Zaliznyak merkt op dat een ondergedwongen open framework-architectuur zoals die in ScF 3 is ook aanwezig in op koperoxide en ijzer gebaseerde supergeleiders - waarvan wordt gedacht dat kristalroostervibraties een rol spelen bij het vermogen van deze materialen om elektrische stroom te geleiden zonder weerstand.
"De onafhankelijke oscillatie van atomen in deze open raamwerkstructuren kan bijdragen aan de eigenschappen van deze materialen op manieren die we nu kunnen berekenen en begrijpen, "Zei Zaliznyak. "Ze zouden een aantal van onze eigen experimentele waarnemingen kunnen verklaren die nog steeds een mysterie blijven in deze supergeleiders, " hij voegde toe.
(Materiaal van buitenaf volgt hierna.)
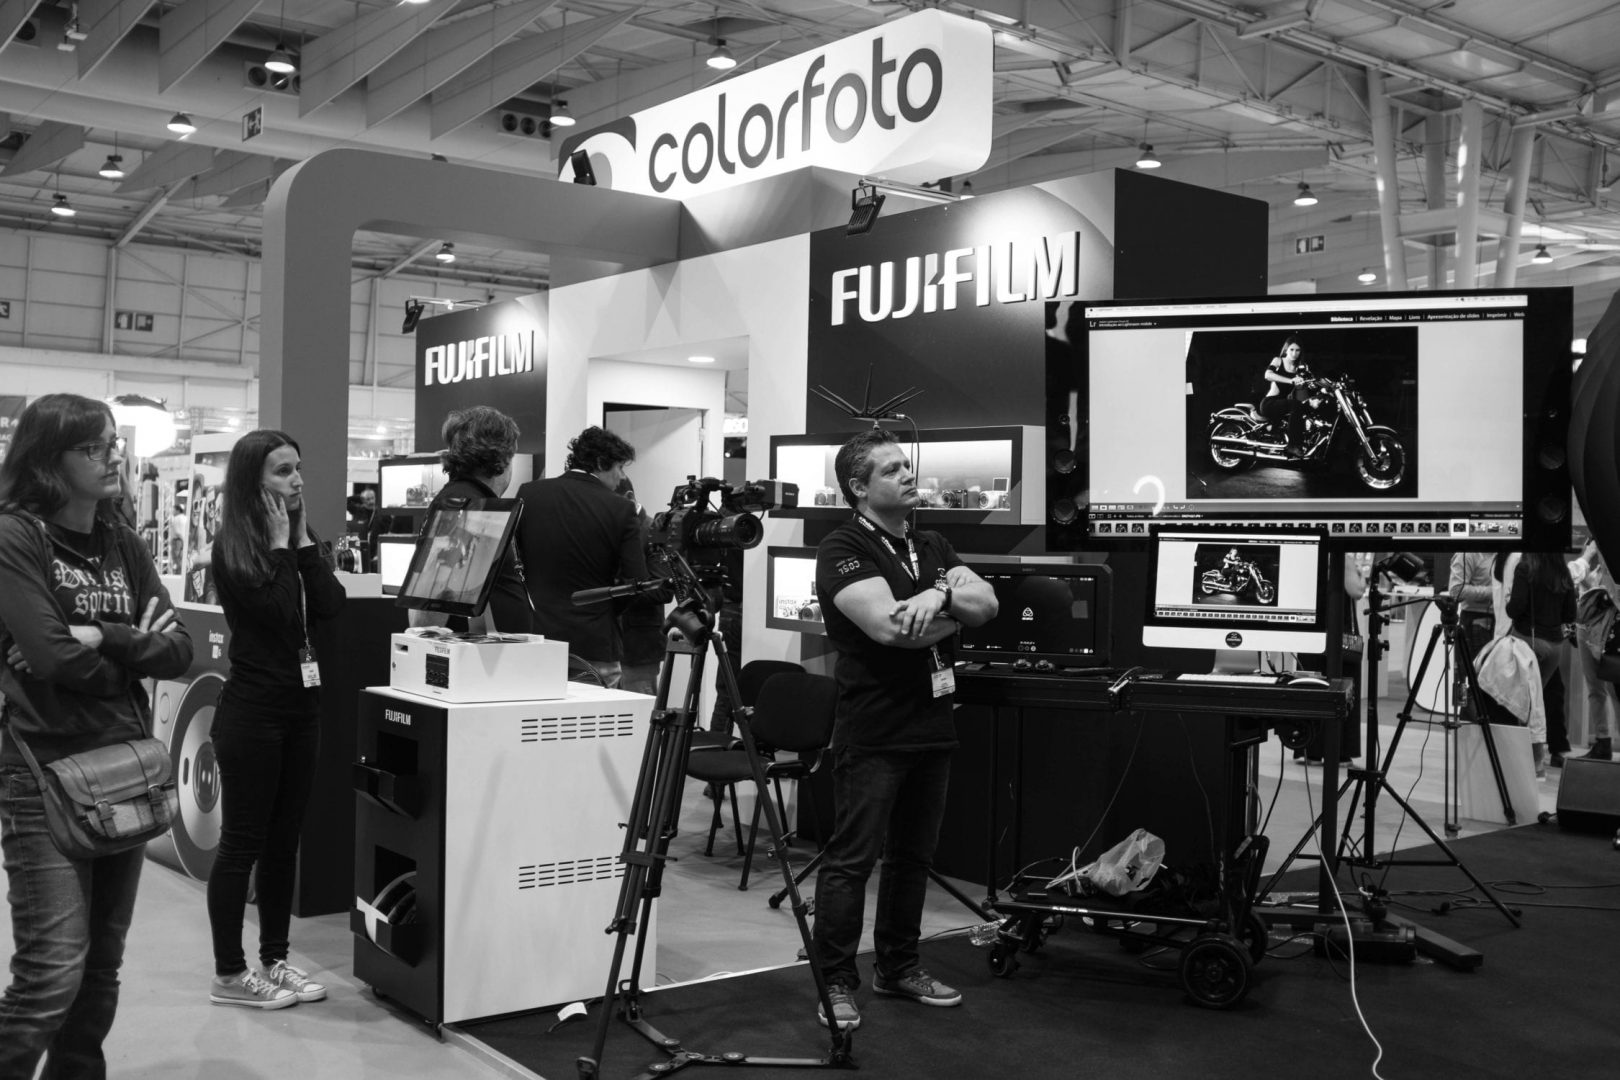 Eduardo Lima from Colorfoto always available to help

"Dit werk profiteerde enorm van de belangrijke voordelen van de nationale DOE-laboratoria, waaronder unieke DOE-faciliteiten en ons vermogen om langdurige projecten te hebben waarbij belangrijke bijdragen zich in de loop van de tijd ophopen om te culmineren in een ontdekking, " zei Zaliznyak. "Het vertegenwoordigt de unieke samenvloeiing van verschillende expertises onder de coauteurs, inclusief een toegewijde stagiaire op de middelbare school, die we voor dit project synergetisch konden integreren. Het was niet mogelijk geweest om dit onderzoek succesvol uit te voeren zonder de expertise van alle teamleden."